With the Washington Nationals’ unresolved ownership and stadium lease issues hanging over the franchise’s head, season ticket sales are down and attracting free agents isn’t easy. To make matters worse, writes the Washington Post’s Dave Sheinin and Barry Svrluga, the not-so-subtle threat of the club leaving DC has been leaked.

Another MLB official, speaking on the condition of anonymity because the subject is so sensitive, said the league’s formal response to a failure by the city to endorse the lease likely would be to announce that baseball was forced to “explore any and all options” for the Nationals’ future.

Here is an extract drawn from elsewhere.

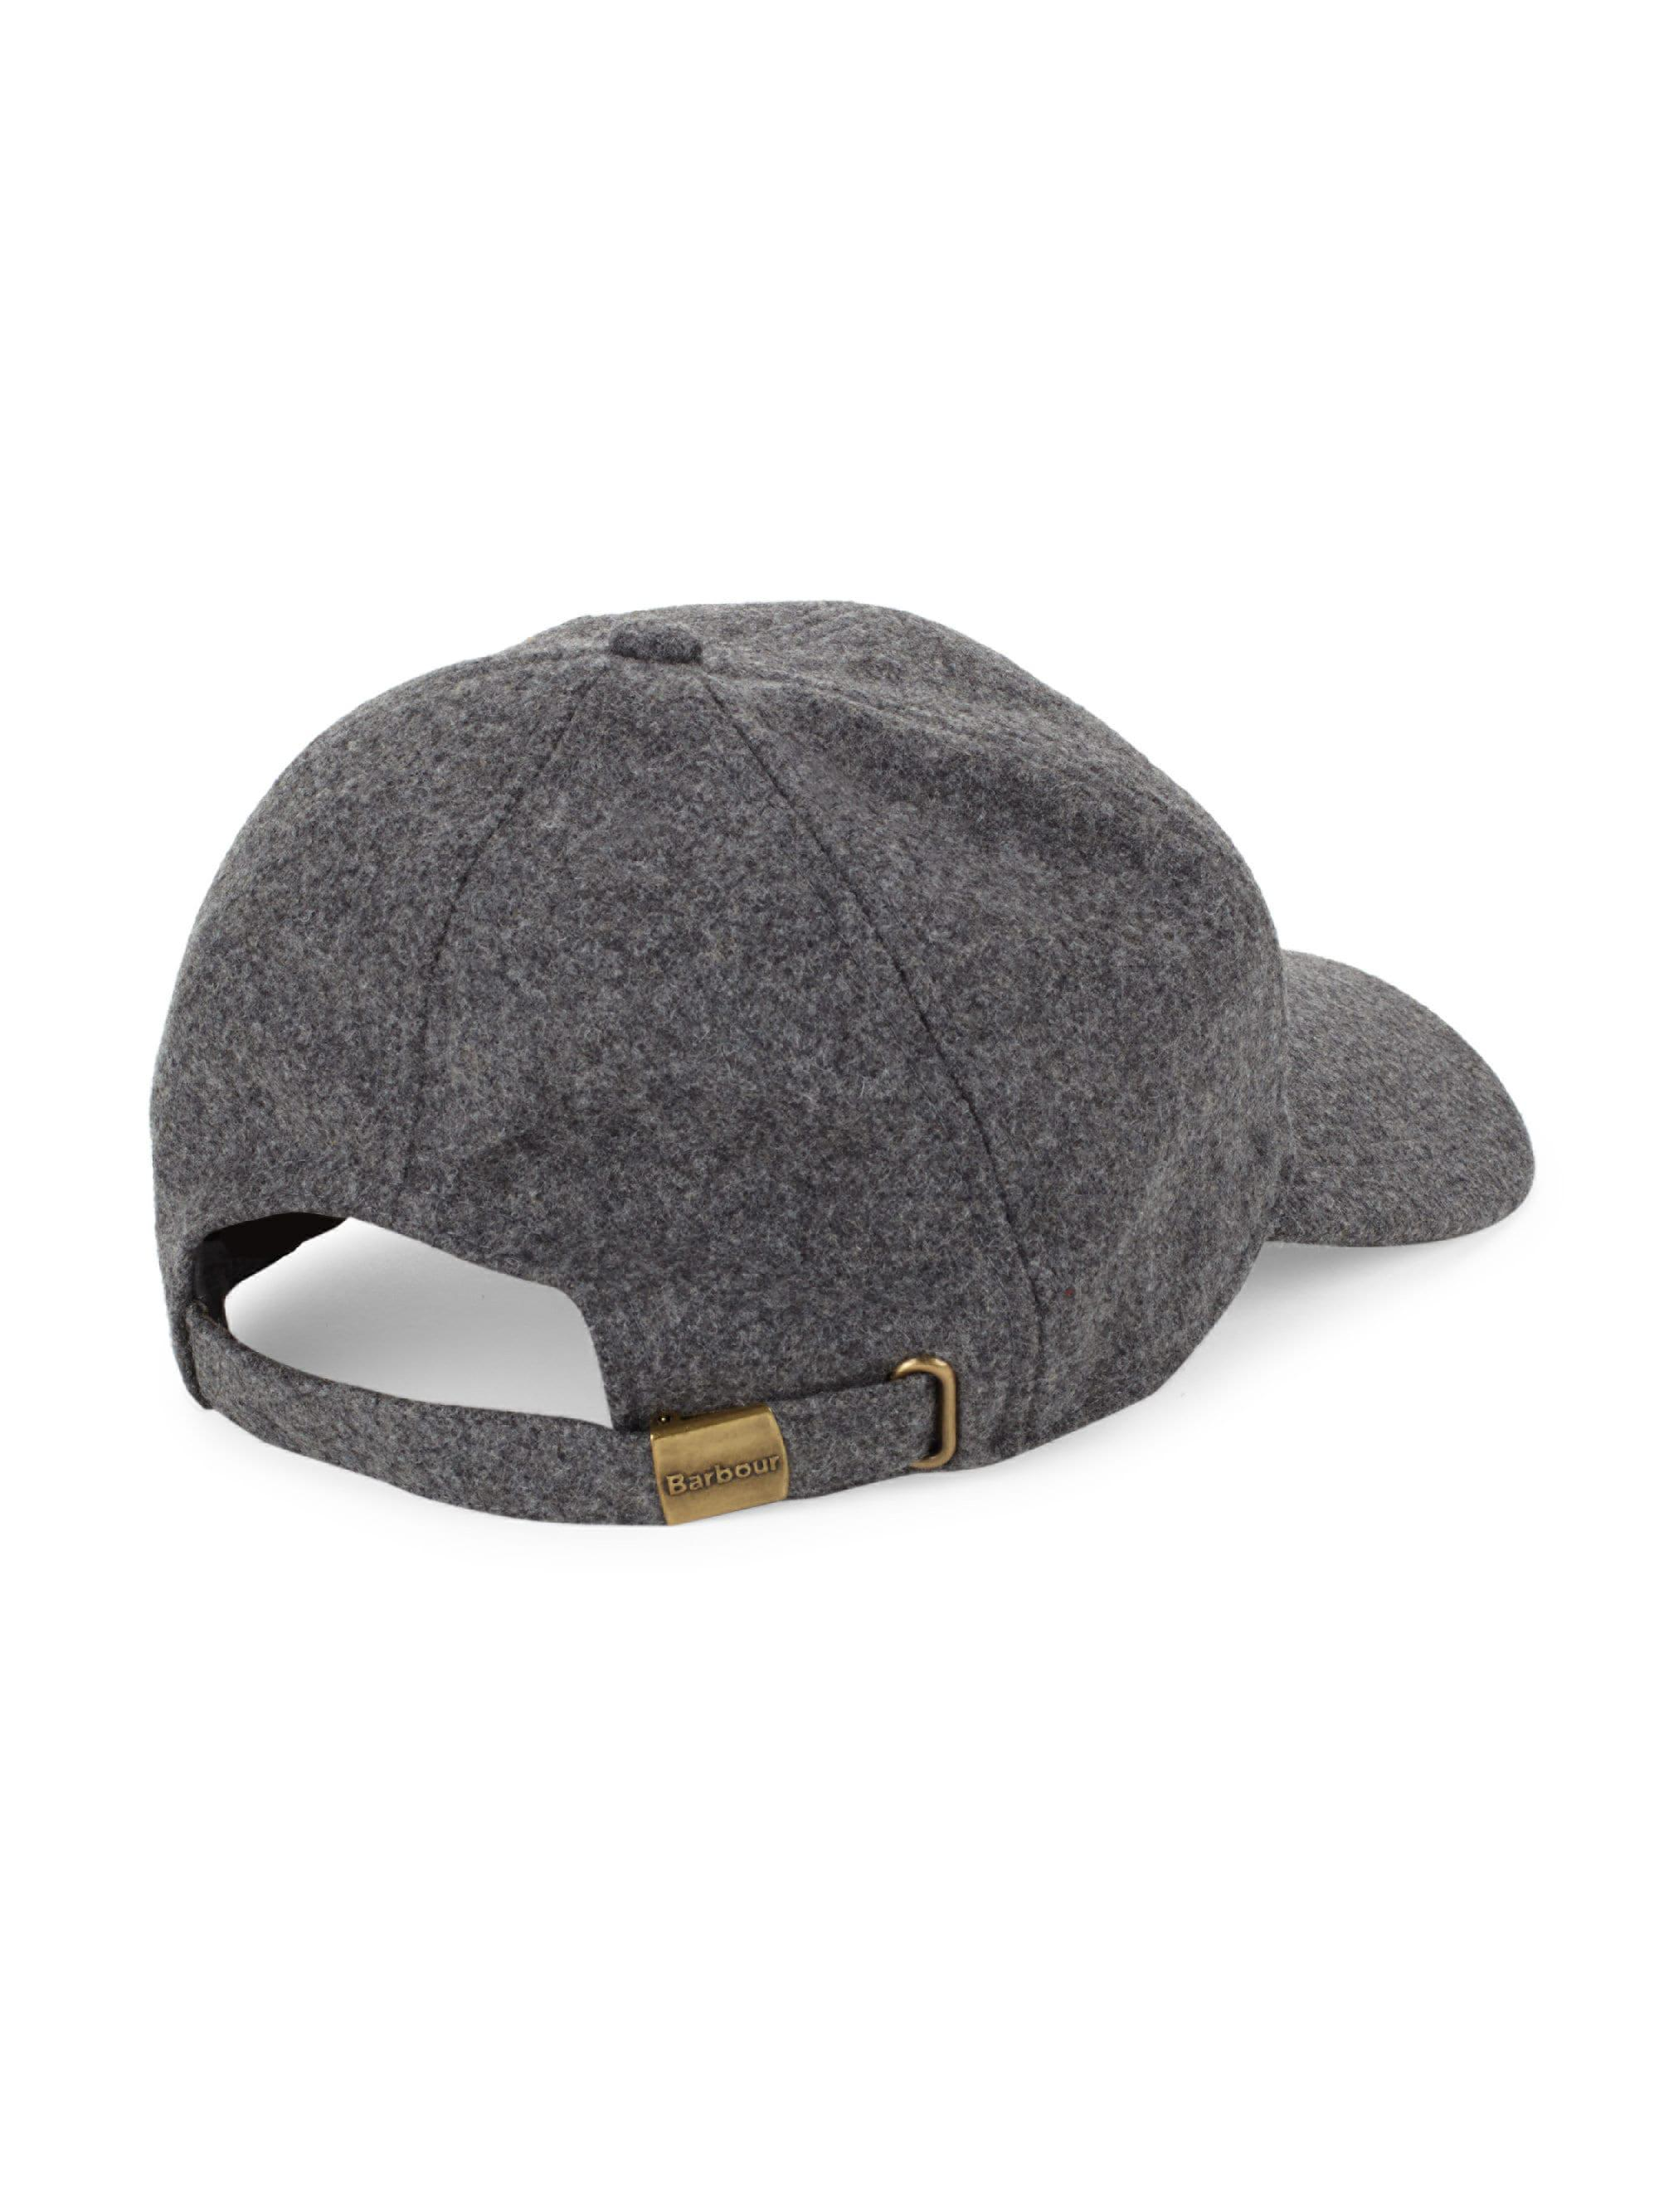 919ebc5633f Barbour Coopworth Wool-blend Sports Cap in Gray for Men - Lyst

The implication: Baseball might seek to move the Nationals, or even revive the concept of contraction, eliminating the franchise as part of a new collective bargaining agreement with the players’ union.

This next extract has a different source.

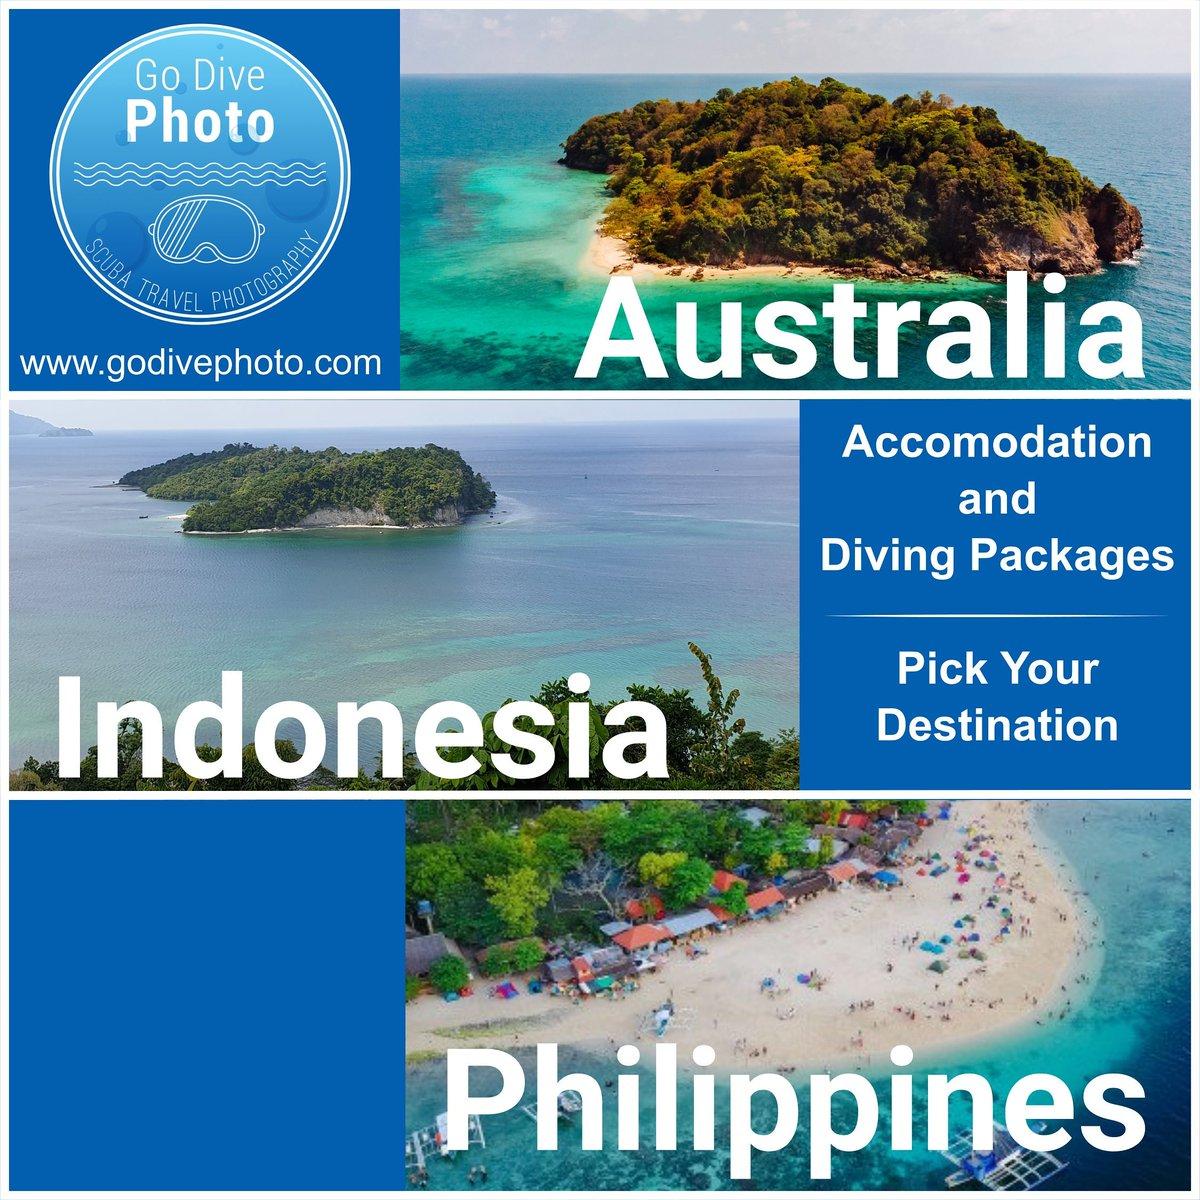 Lets Go Diving.. Pick your destination  For more info see website http://www.godivephoto.com  #scuba #scubadivingtrip #scubatravel #scubalife #scubaadventures #divingtrip #divingaustralia #divingindonesia #divingphilippines #divingtravel #travel #traveladdict #travelphotographypic.twitter.com/21EdCMQNYe

“The fact is, there are a number of cities that had even more generous deals on the table than we did,” Mayor Anthony A. Williams said yesterday during a radio interview on WTOP-AM. “[MLB] could potentially try to leave, and we could be out money for damages.”

Beyond pursuing arbitration, however, the league has revealed little about its worst-case scenario strategy. Top executives from both the league and the union declined interview requests yesterday. However, one such executive, speaking on the condition of anonymity, played down the possibility the Nationals would be contracted, citing the obvious market value of the franchise and the potential windfall its sale would bring to MLB’s other 29 owners.

“Anyone who brings up contraction [in this negotiation] is just posturing,” the official said. “They’re not going to contract. We’re not talking about the Expos anymore — losing $40 million a year in Montreal. We’re talking about a team worth $450 million, that made $10 million last year.”